Bug when set.seed() is called from within Experiment components
tiffanymtang opened this issue · 0 comments
tiffanymtang commented
If set.seed()
is called from within DGPs/Methods/Evaluators/Visualizers and add_vary_across(.dgp = ...)
is used, the seed affects all replicates after the first vary-across parameter value. Consequently, the results are the same across all replicates for a given vary-across parameter value (after the first one).
For now, it is highly recommended to not use set.seed() within DGPs/Methods/Evaluators/Visualizers.
Reproducible Example:
library(simChef)
library(magrittr)
rm(list = ls())
N_REPS <- 2
set.seed(1234)
#### DGPs ####
dgp_fun <- function(n, p) {
X <- matrix(rnorm(n * p), nrow = n, ncol = p)
y <- rnorm(n)
return(list(X = X, y = y))
}
dgp <- create_dgp(dgp_fun, .name = "DGP", n = 300, p = 3)
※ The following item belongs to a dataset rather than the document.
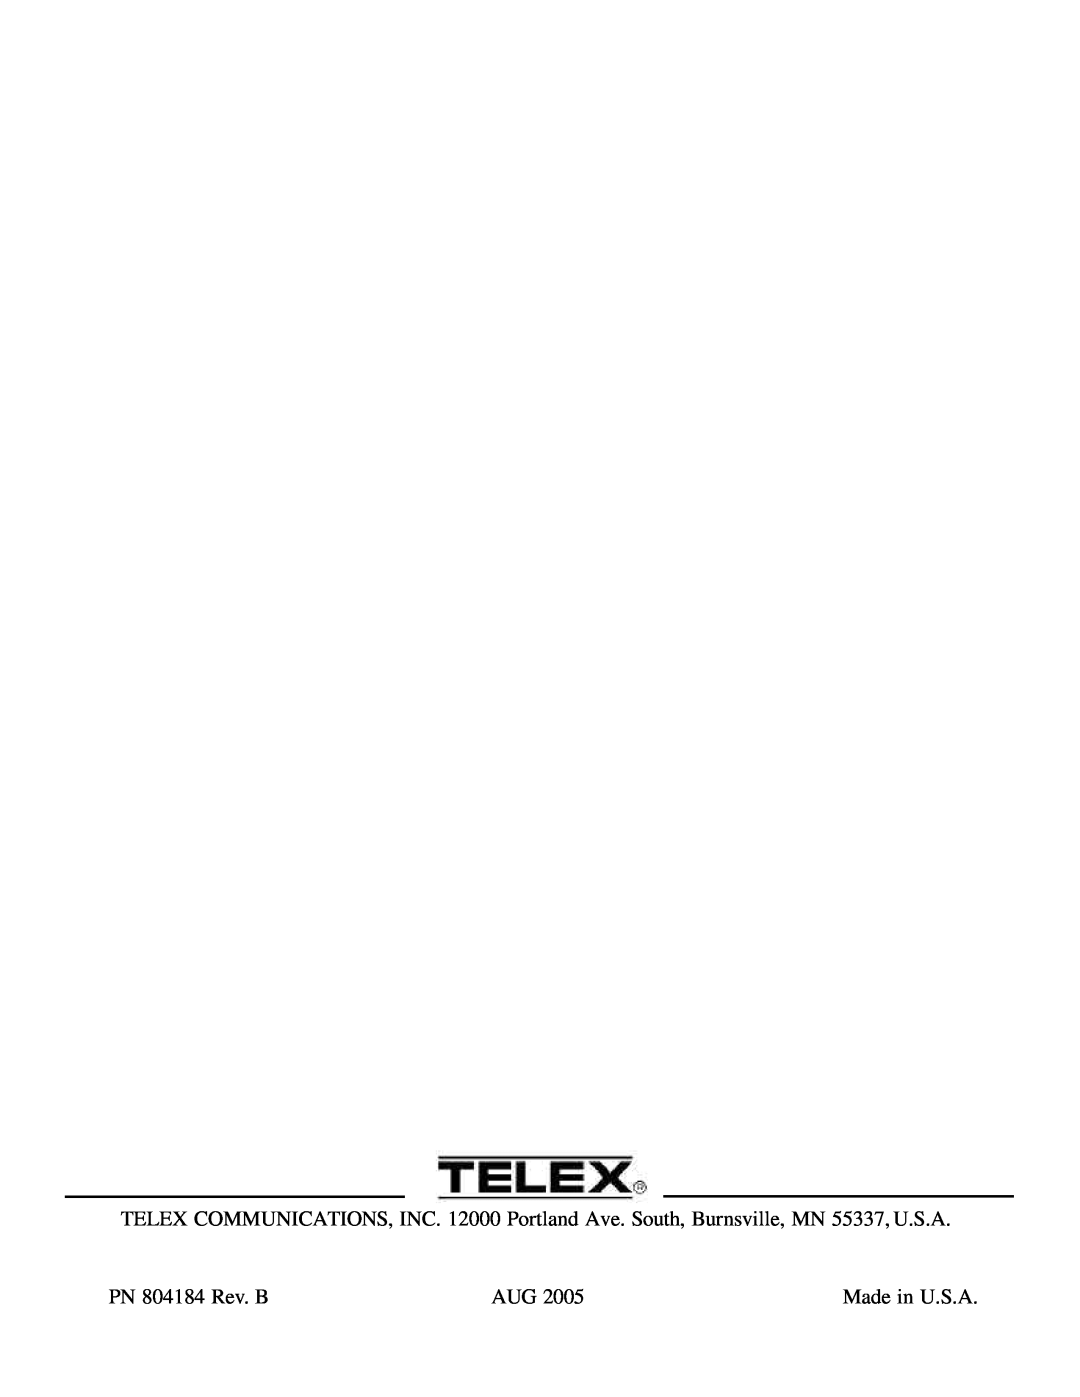 Telex TT-16, TR-16 manual PN 804184 Rev. B, Made in U.S.A

noseed_fun <- function(X, y) {
lm_df <- cbind(data.frame(X), .y = y)
lm_fit <- lm(.y ~ ., data = lm_df)
return(coef(lm_fit))
}
noseed_method <- create_method(noseed_fun, .name = "No Seed")
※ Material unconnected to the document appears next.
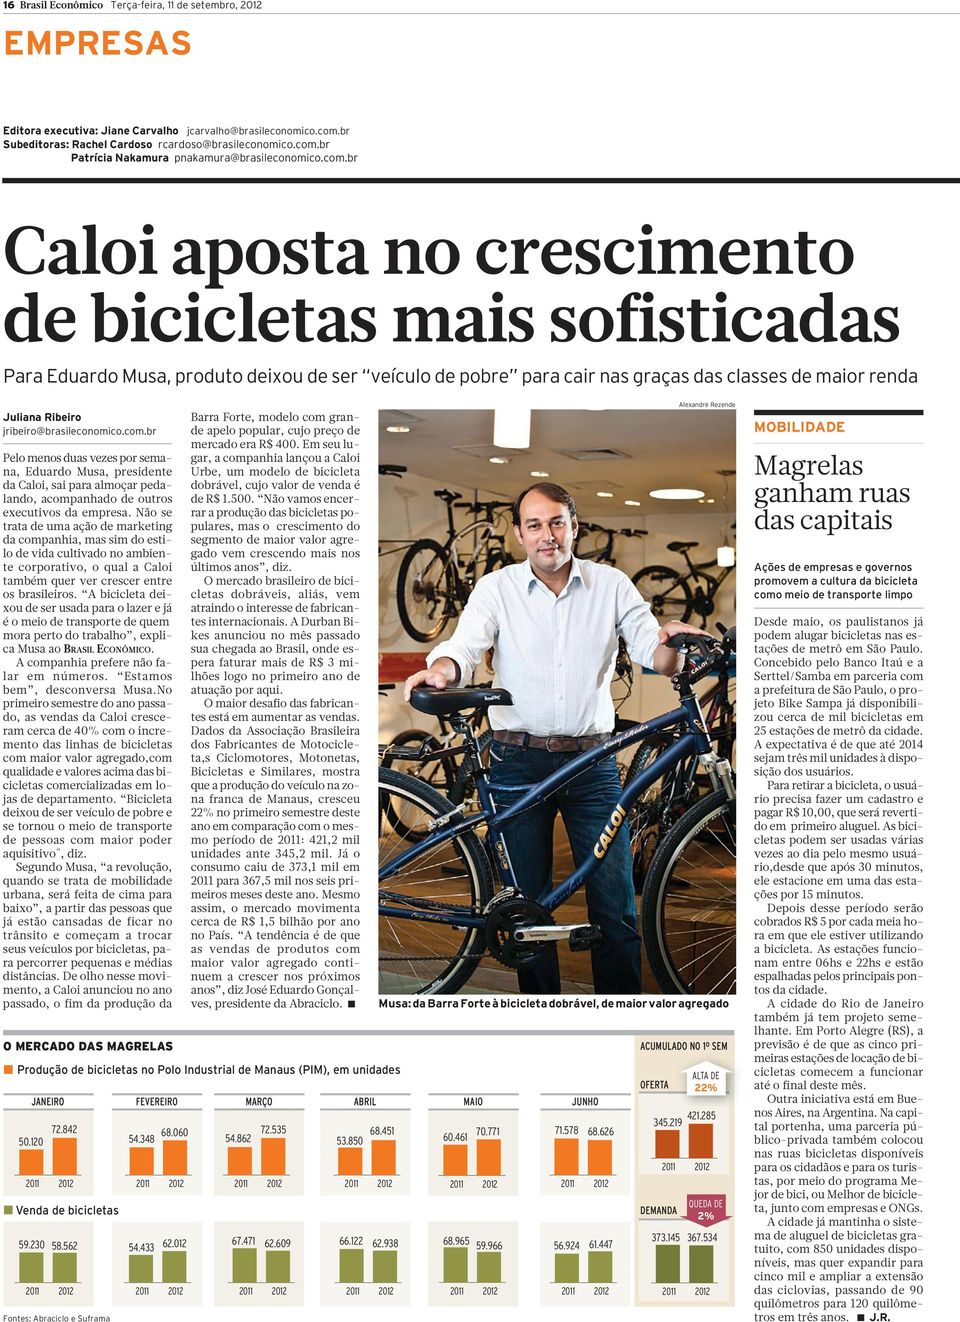 jribeiro@brasileconomico.com.br Pelo menos duas vezes por semana, Eduardo Musa, presidente da Caloi, sai para almoçar pedalando, acompanhado de outros executivos da empresa.

seed_fun <- function(X, y) {
set.seed(1)
lm_df <- cbind(data.frame(X), .y = y)
lm_fit <- lm(.y ~ ., data = lm_df)
return(coef(lm_fit))
}
seed_method <- create_method(seed_fun, .name = "Seed")
# this works
experiment <- create_experiment() %>%
add_dgp(dgp) %>%
add_method(noseed_method) %>%
add_vary_across(
.dgp = "DGP", n = c(100, 200, 300)
)
out <- run_experiment(experiment, n_reps = N_REPS)
out$fit_results %>%
dplyr::arrange(n)
# this gives the same results across all replicates
experiment <- create_experiment() %>%
add_dgp(dgp) %>%
add_method(noseed_method) %>%
add_method(seed_method) %>%
add_vary_across(
.dgp = "DGP", n = c(100, 200, 300)
)
out <- run_experiment(experiment, n_reps = N_REPS)
out$fit_results %>%
dplyr::arrange(n)